Are You Paying The Price?

Last night, I did something I haven't done in a while: I read for pleasure.  And, no, it wasn't a juicy novel or a trashy magazine or a blogger's guide.  It was Little Sister's college paper. Wherein she explored Darwin's attitudes on slavery and abolition.  And it was good.  And she is a smarty pants.  And reading the paper made me homesick for feverish intellectual debate and discovery.  And oddly, I even found myself missing footnotes. 

So, since the babes were napping and I was craving a bit of intellectual back-and-forth, I just stopped by one of my favorite cyberspace haunts - NYT's Motherlode - and jumped into the latest debate/discussion.  Today, Belkin, eloquent and straightforward as ever, raises a perennial and perennially provocative question: do we women pay a calculable economic price for becoming mothers?  And, to the extent that we do, is this society's problem or ultimately a matter of personal choice?

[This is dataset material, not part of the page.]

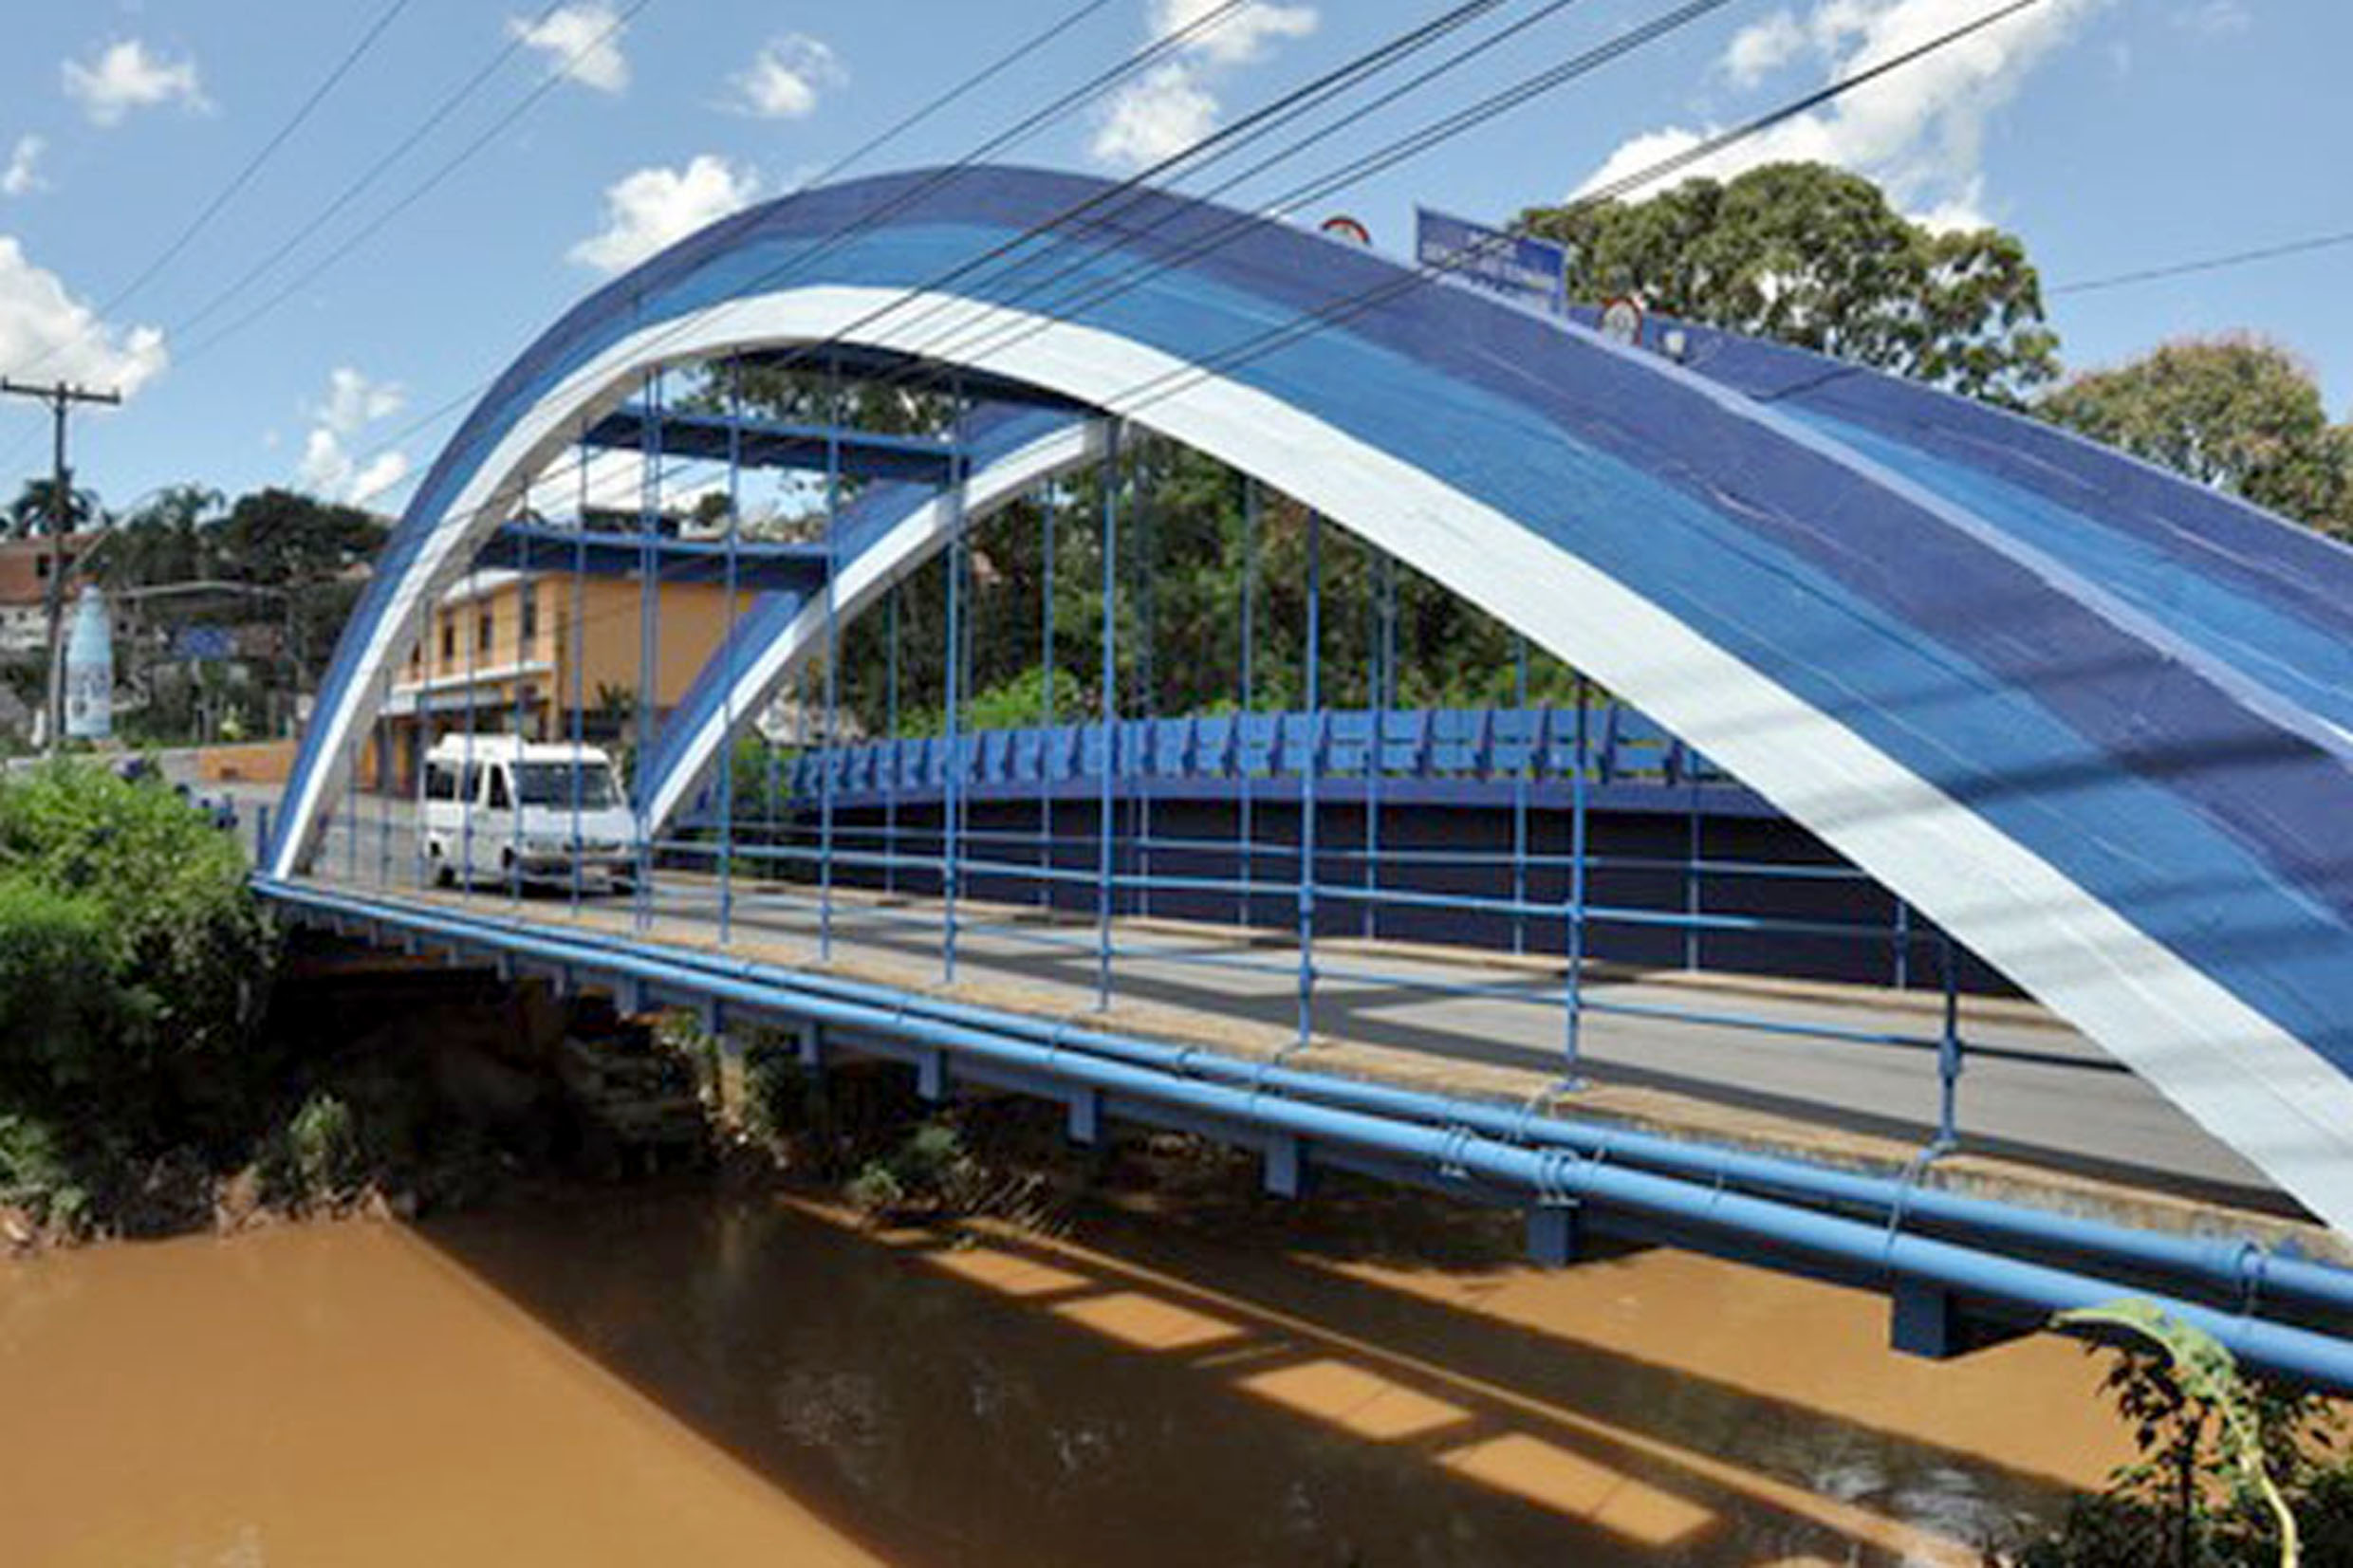 Estrutura ser construda ao lado da Ponte dos Arcos, carto postal do municpio<a style='float:right;color:#ccc' href='https://www3.al.sp.gov.br/repositorio/noticia/N-08-2020/fg252210.jpg' target=_blank><i class='bi bi-zoom-in'></i> Clique para ver a imagem </a>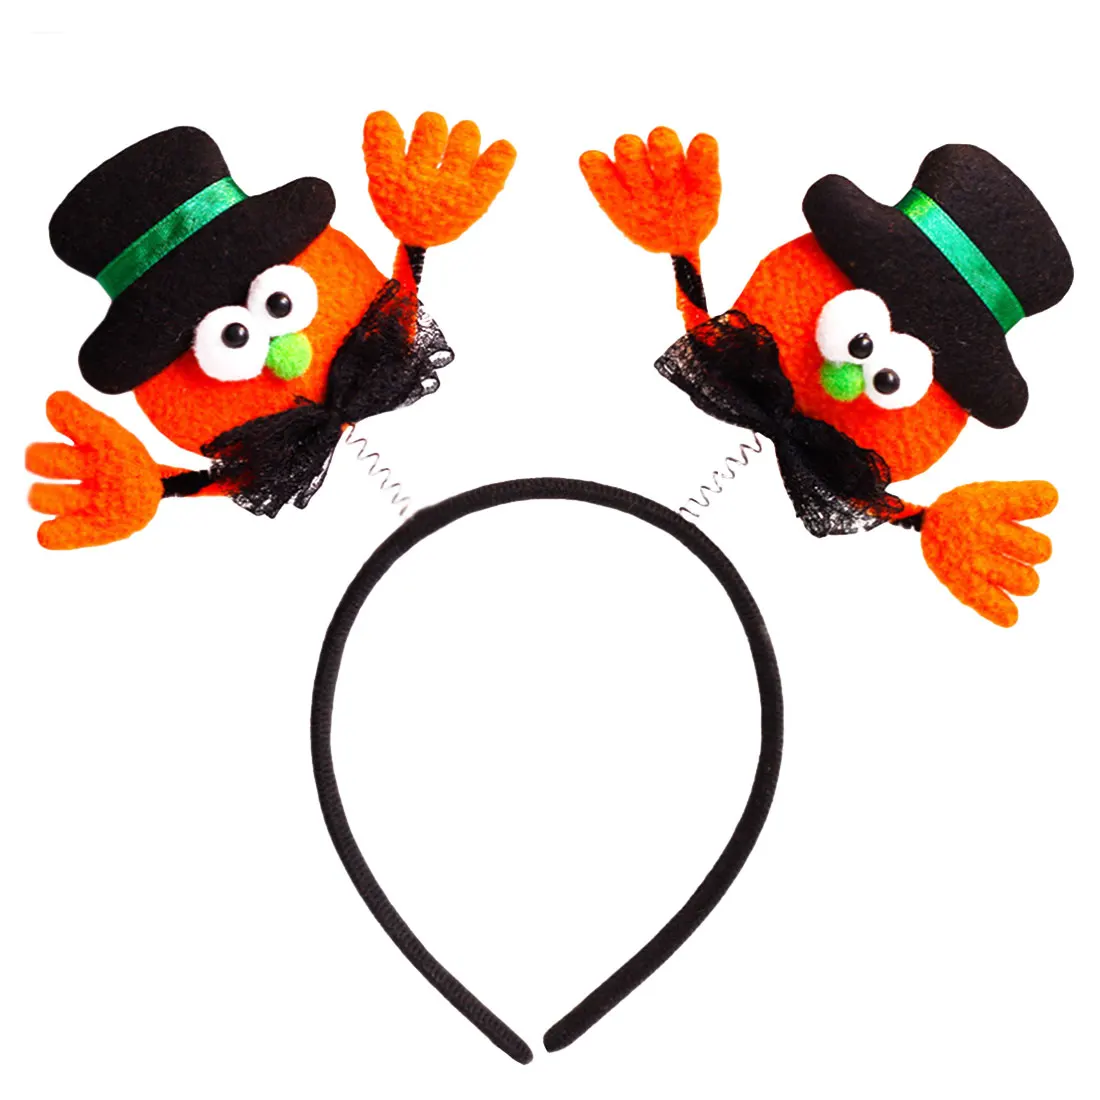 Хэллоуин разнообразие милых повязки на голову тыква шляпа летучая мышь взрослые дети Хэллоуин платье поставки - Цвет: Black hat small hand

As you can imagine, things got feisty.  And fast.  

And as I read all of the comments, I felt my pulse quicken, and the ideas multiplying.  I got that old school adrenaline rush that I used to enjoy when riled up in a Yale seminar when I would shoot a sweaty palm up in the air and wait my turn.  And though there was no prof there to call on me, I made my comment.  I talked about something the other kids in the class seemed to be ignoring (and now that I think about it that something was a bit off topic, but oh well): biology.  That, like it or not, men and women are biologically different and that while these differences certainly do not justify the inequities inherent in this modern world, they at least inform them.  That we are so quick to point fingers at men and each other and economic systems, but that perhaps it would behoove us to look at our biological roots too.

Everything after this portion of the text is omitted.